Oil prices dropped to multi-month lows on Tuesday as OPEC+ confirmed its first production increase since 2022, while U.S. tariffs on Canada, Mexico, and China—along with Beijing’s retaliatory measures—added pressure. Brent crude settled at $71.04, down $0.58 or 0.8%, after hitting a session low of $69.75, its weakest since September. WTI crude fell to $68.26, losing $0.11 or 0.2%.
The decline followed OPEC+’s decision to proceed with an April output increase of 138,000 barrels per day, a move analysts suggest reflects political considerations, including pressure from U.S. President Donald Trump for lower oil prices. The market also reacted to U.S. tariffs taking effect at 25% on imports from Canada and Mexico, including a 10% levy on Canadian energy, while tariffs on Chinese goods doubled from 10% to 20%. In response, China raised import duties on U.S. agricultural products and restricted 25 American firms from trade and investment.
Geopolitical developments added further uncertainty. Ukrainian President Volodymyr Zelenskiy signaled willingness to negotiate after last week’s Oval Office confrontation with Trump, while the White House reportedly asked for a sanctions relief list to discuss with Russia, potentially boosting Moscow’s oil exports. However, Goldman Sachs analysts noted that Russia’s supply remains more constrained by OPEC+ quotas than by sanctions. Meanwhile, concerns over weaker Chinese demand, driven by upcoming refinery maintenance, further weighed on the market.
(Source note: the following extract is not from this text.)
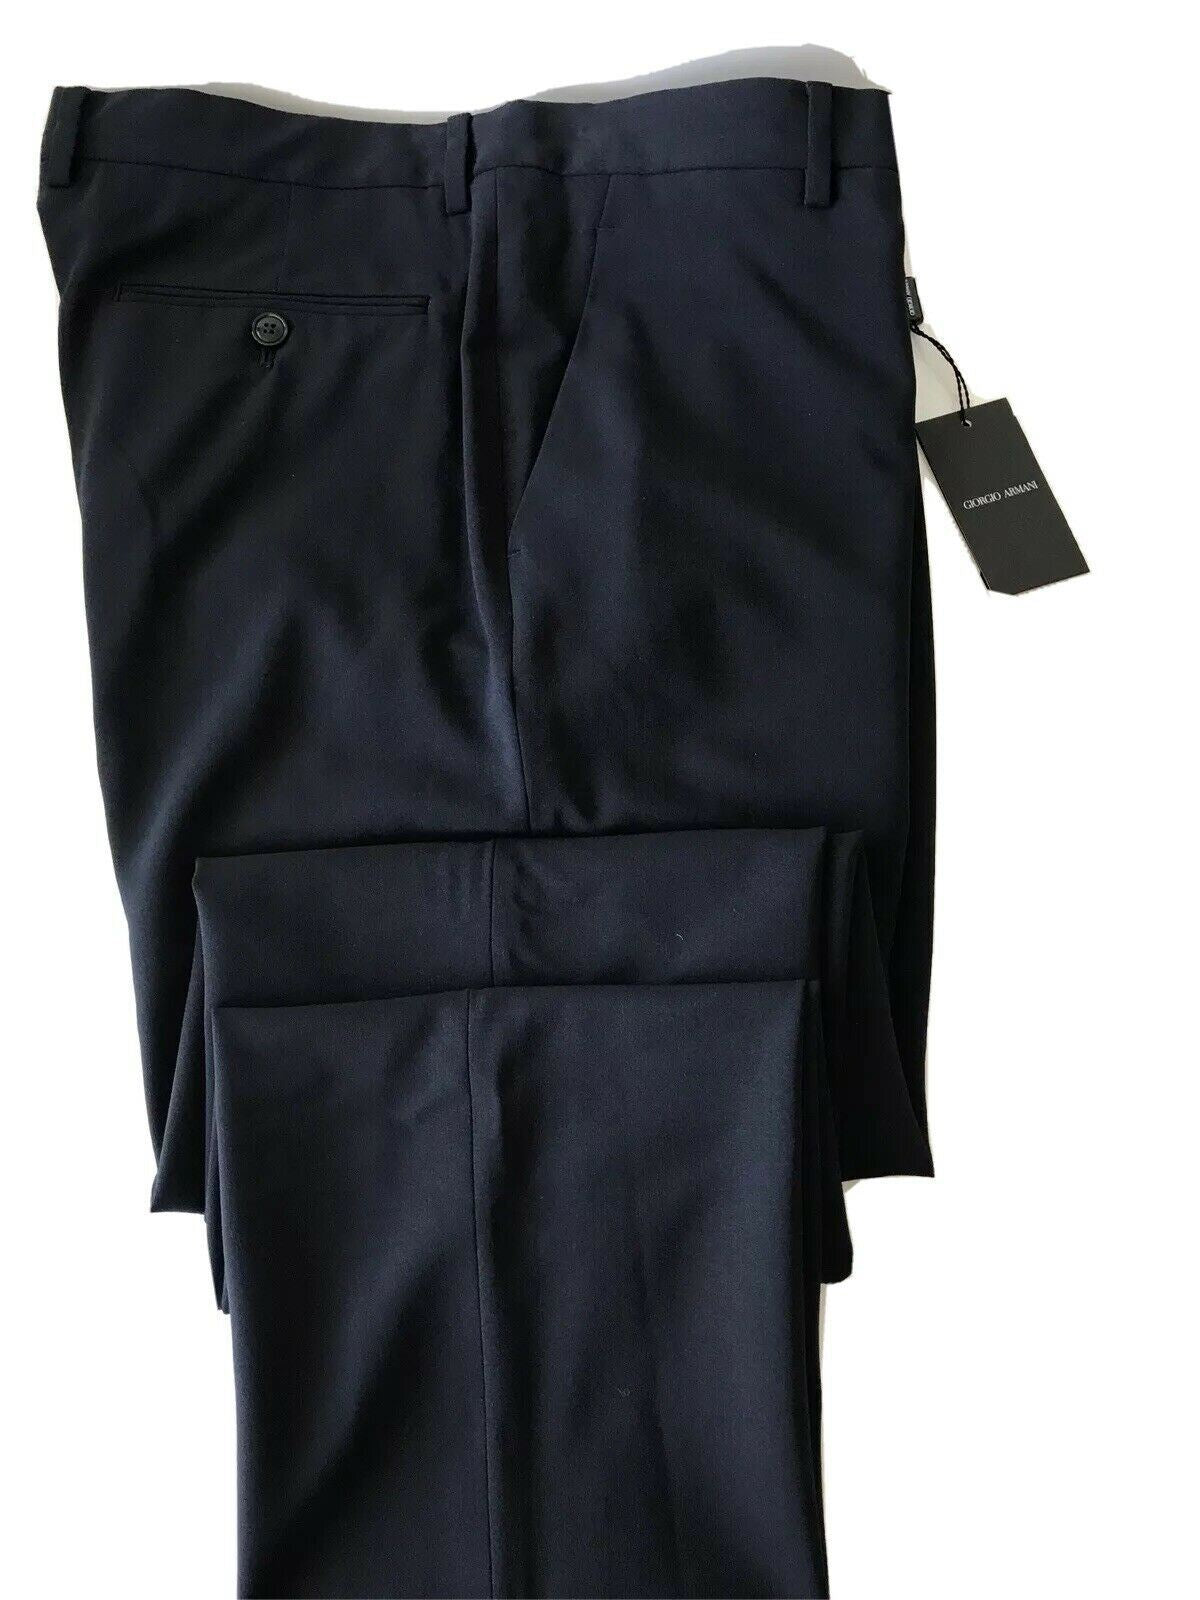 Neu mit Etikett: 975 $ Giorgio Armani Wollanzughose für Herren, Größe 38 US VSP040 – kleiner Schnitt

In a separate development, the U.S. revoked Chevron’s license to operate in Venezuela, cutting off a significant crude supply channel after Washington accused President Nicolás Maduro of failing to meet electoral reform commitments. While oil prices initially plunged on these developments, they stabilized later in the session, though lingering concerns over supply growth, trade disruptions, and slowing demand continue to pressure the market.